The $1,000/day number is eye-catching, but the real innovation is their testing approach. They use “scenario testing” with holdout sets — test scripts stored outside the codebase where agents can’t see them, like holdout sets in ML training. This prevents the agent from gaming its own tests.

They also built a “Digital Twin Universe” — behavioral clones of Okta, Jira, and Slack as self-contained Go binaries, generated by dumping API docs into agents. They test against these clones at volume without rate limits.

What banks should steal

I mapped Simon’s 2026 patterns to enterprise financial services adoption. The surprising finding: banks are better positioned than startups for agent adoption, because they already have the testing infrastructure.

Bank practice	Agent equivalent
Model validation (independent team)	Holdout scenario tests
Stress testing	Digital Twin Universe
Regulatory reporting	Structured proof-of-work artifacts
Audit trail	Immutable DAG logs
Backtesting	Conformance-driven development

The maturity model maps cleanly to a 5-level assessment:

Spicy autocomplete — Copilot suggestions
Agent-assisted — agents write, humans review every line
Agent-driven — agents write and test, humans review selectively
Software factory — agents write, test, and verify; humans design specs
Dark factory — no human writes or reads code

Most banks are at level 1-2. The question isn’t whether to move up — it’s what controls you need at each level, and that’s where existing bank QA culture becomes an asset rather than a drag.

The three threats

Three real supply chain attacks in Q1 2026 should be on every bank CISO’s radar:

LiteLLM credential stealer (March) — malware hidden in a .pth file, activated on install without import.

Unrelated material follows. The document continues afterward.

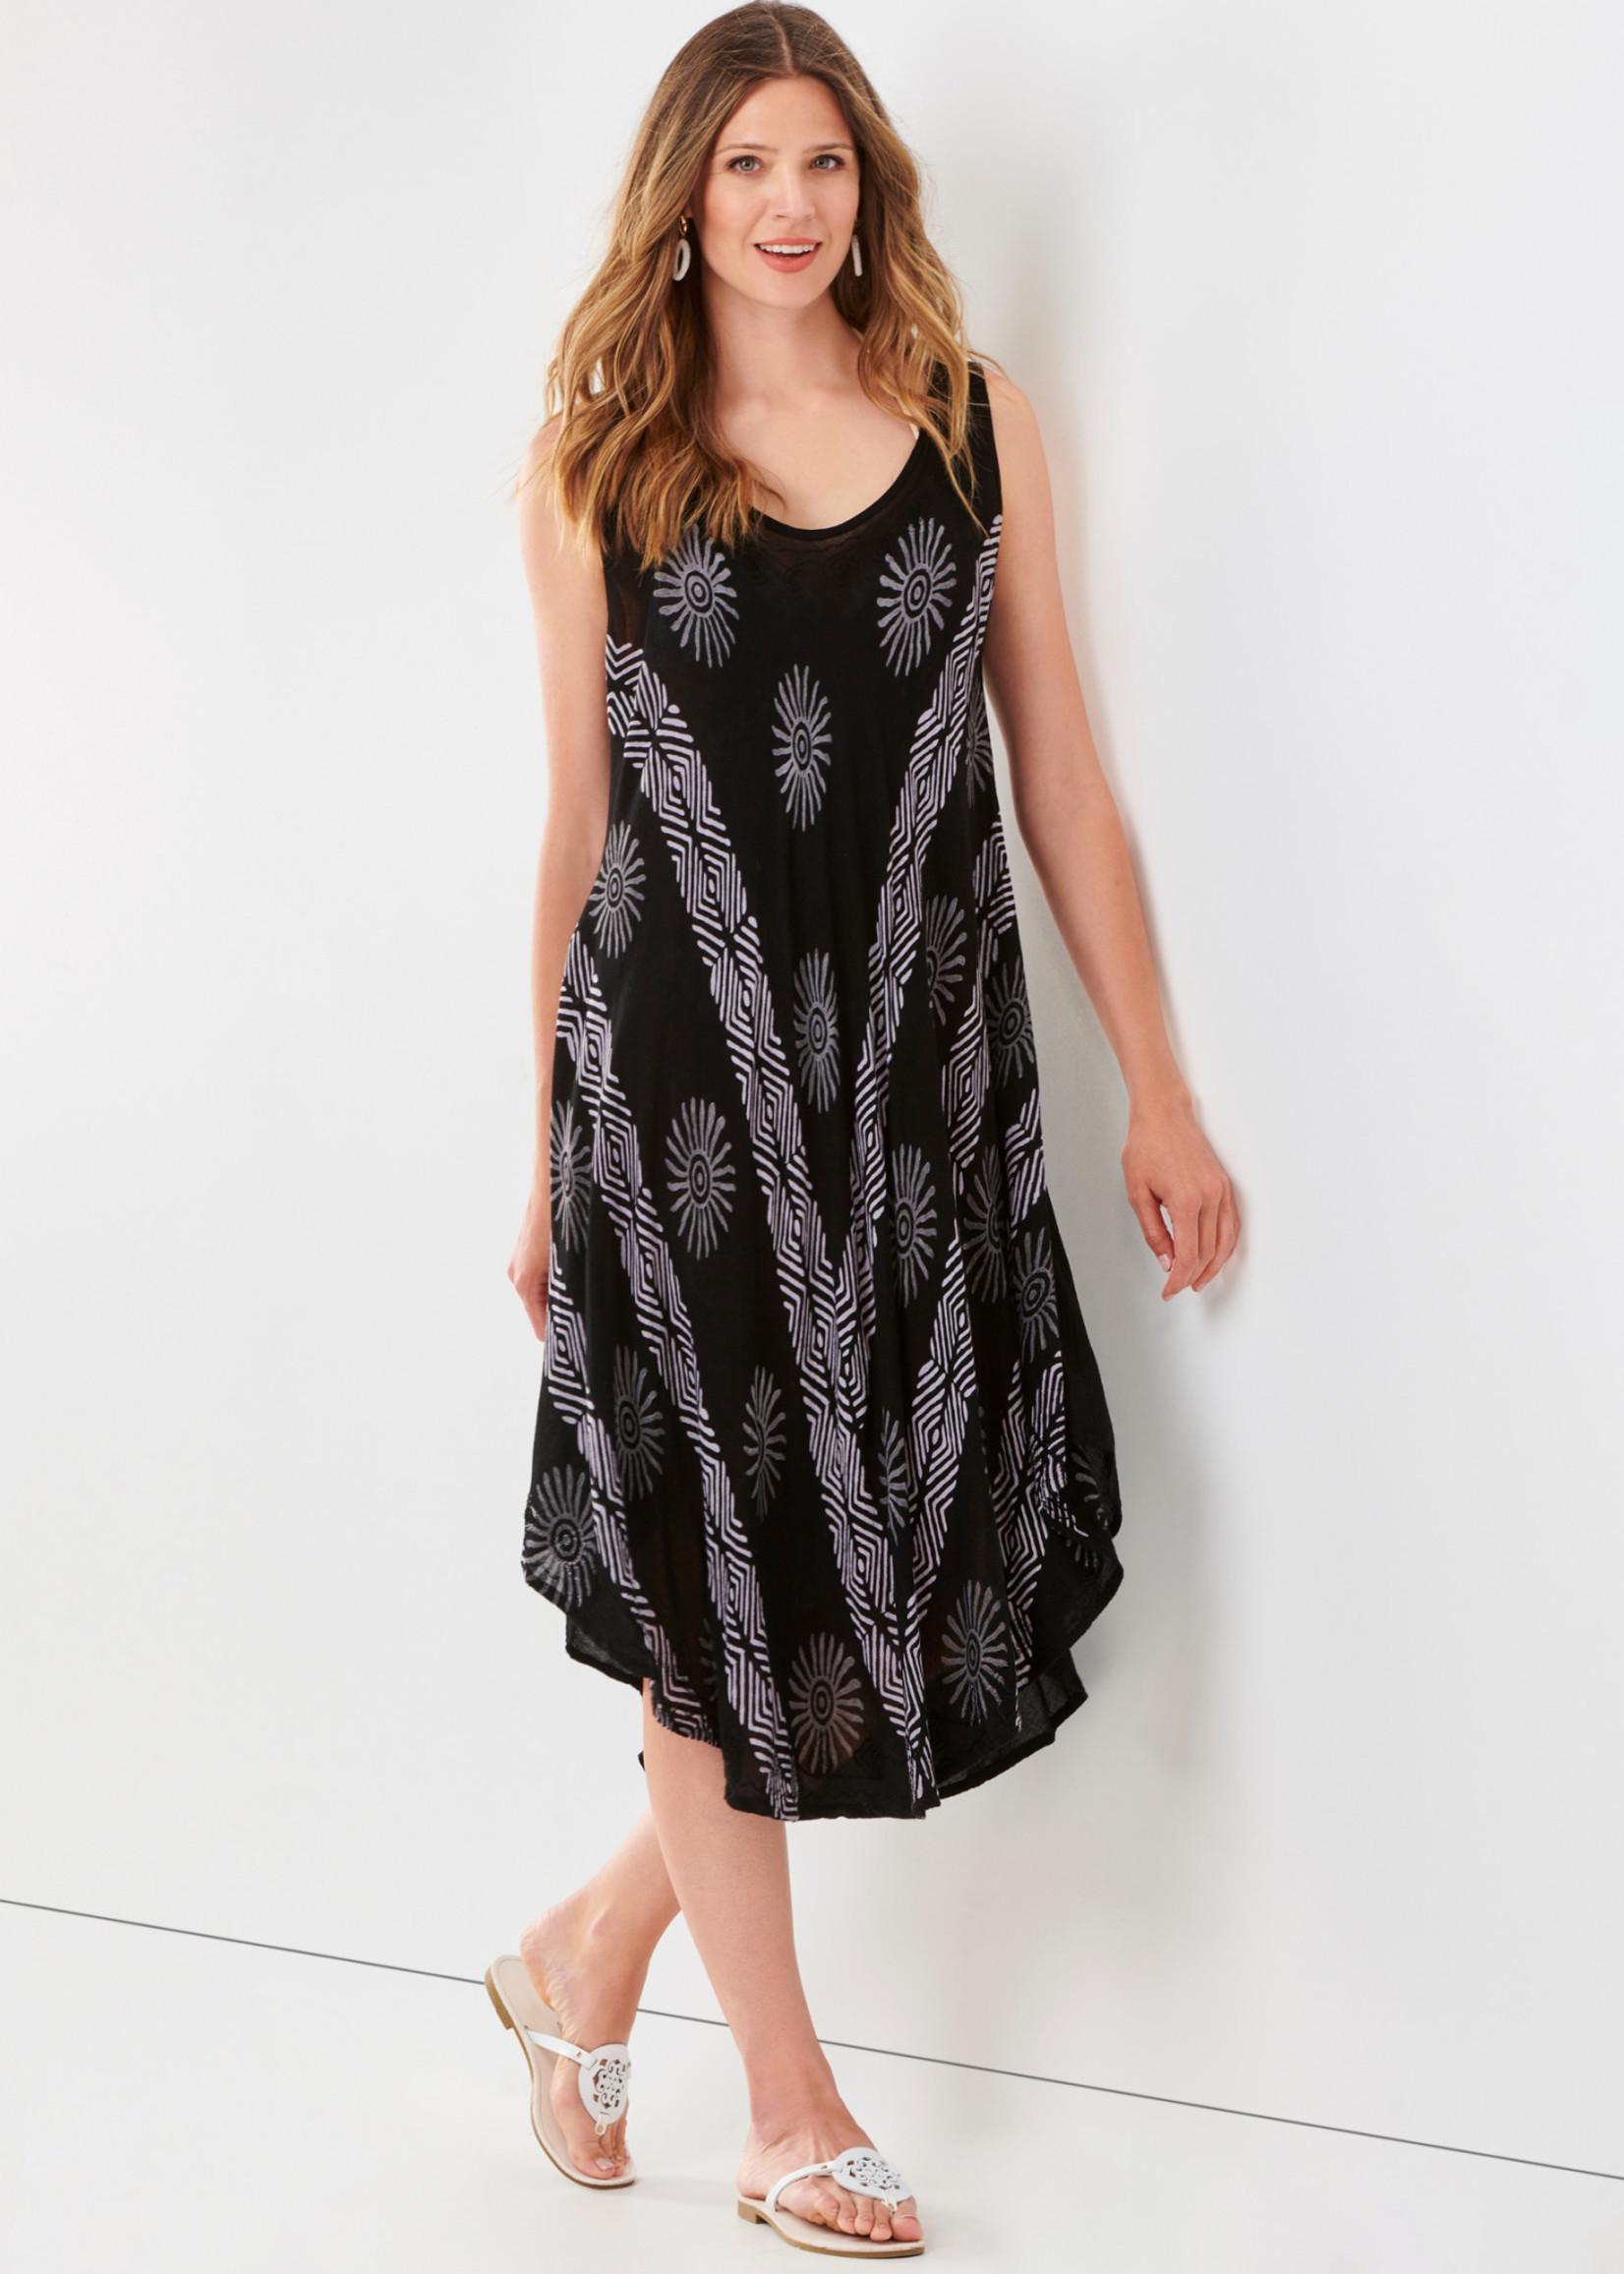 Charlie Paige CP - Woven Print Dress
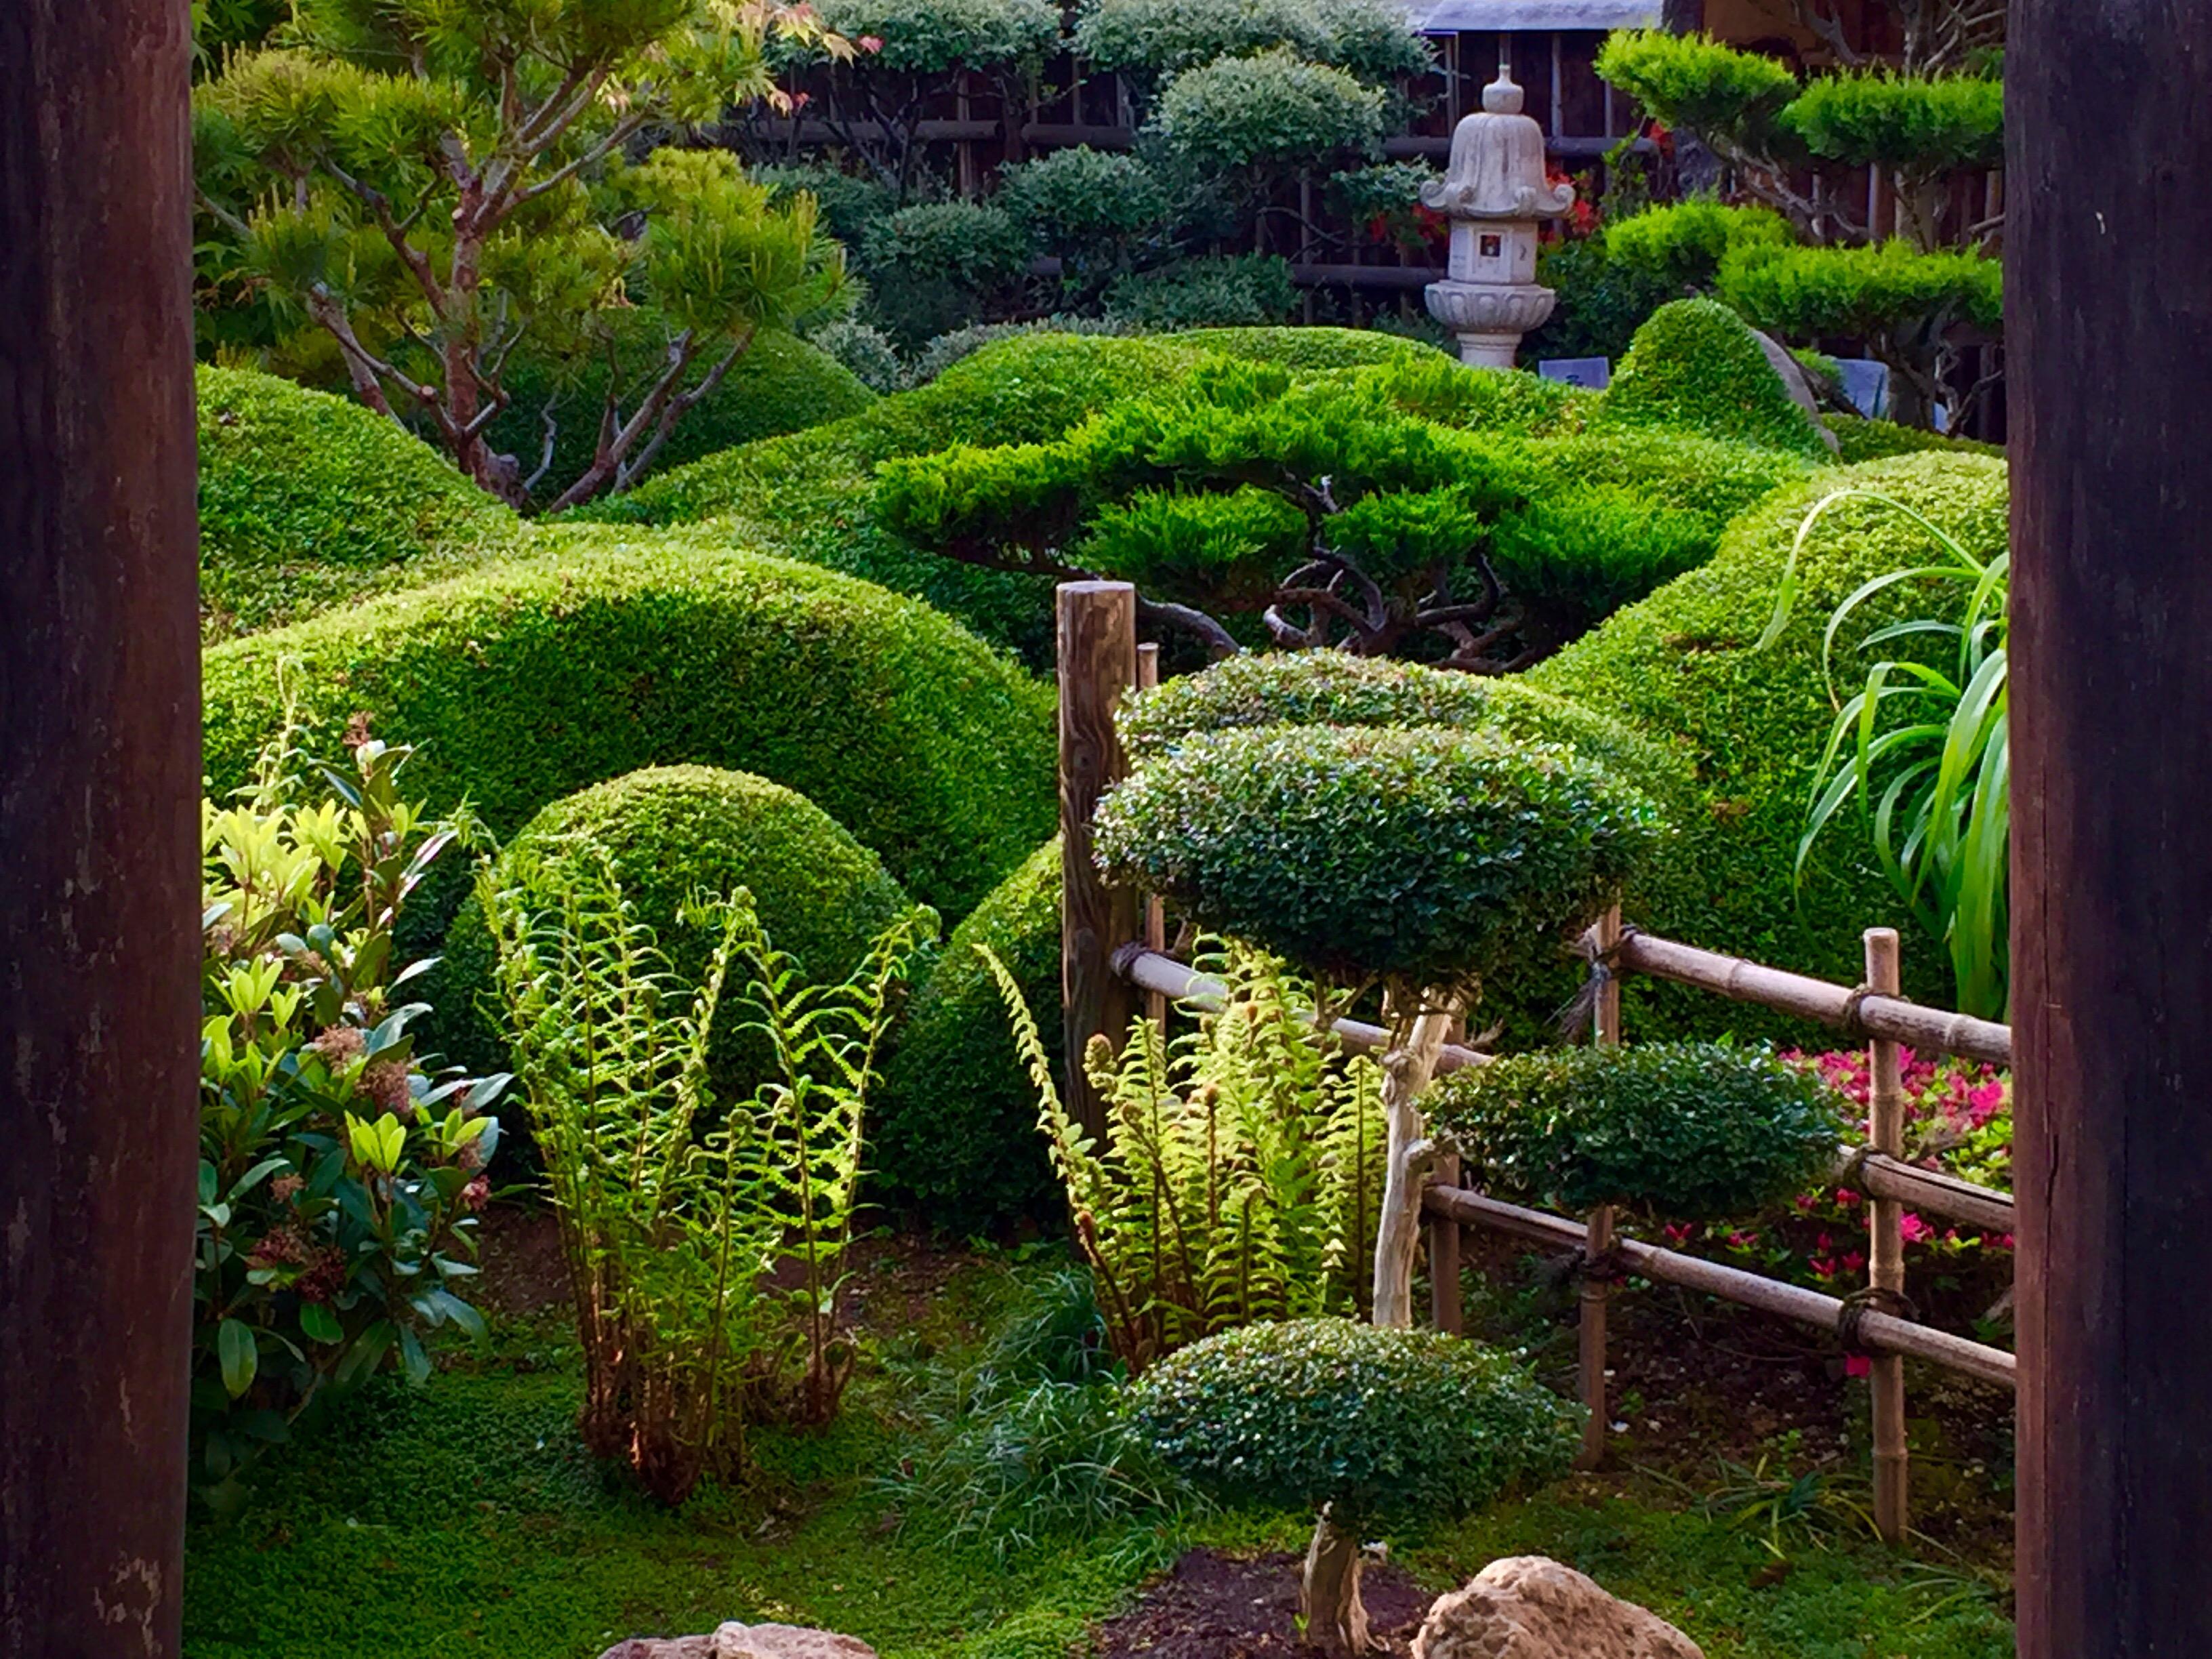 Jardin Mineral Zen Photo esprit zen kindle - bengali adventure books pdf free download

Any bank using LiteLLM for LLM routing had credentials exposed.
Axios RAT (April) — npm package with 101M weekly downloads compromised via stolen token and individually targeted social engineering of maintainers.
Snowflake Cortex sandbox escape (March) — prompt injection in a GitHub README caused an agent to escape Snowflake’s sandbox and execute malware.

Meanwhile, Thomas Ptacek writes that “within months, coding agents will drastically alter exploit development economics.” The asymmetry is stark: defenders are debating adoption frameworks while attackers are already running find me zero days against source trees.

The mid-career squeeze

ThoughtWorks ran a retreat on the future of software engineering. Their finding: “Juniors are more profitable than ever — AI gets them past the net-negative phase faster. The real concern is mid-level engineers who came up during the hiring boom and may not have developed the fundamentals.”

Simon echoes this: the technology “is really good for experienced engineers — it amplifies their skills. It’s really good for new engineers — it solves onboarding problems. The problem is the people in the middle.”

For banks with large legacy development teams, this is the workforce planning challenge of the next 3 years.

The meta-lesson

I ran this analysis two ways: Claude Opus read the 5 richest posts in depth and synthesized with consulting judgment. GLM-5.1 processed all 16,181 posts programmatically via keyword extraction.

Opus found the frameworks. GLM found the data points. Neither analysis alone would have been complete. The architect-implementer split applies to analysis, not just code — judgment from the expensive model, volume from the cheap one.

That’s probably the most consultable insight in here: the question isn’t “which AI model should we use?” It’s “which model for which layer of the problem?”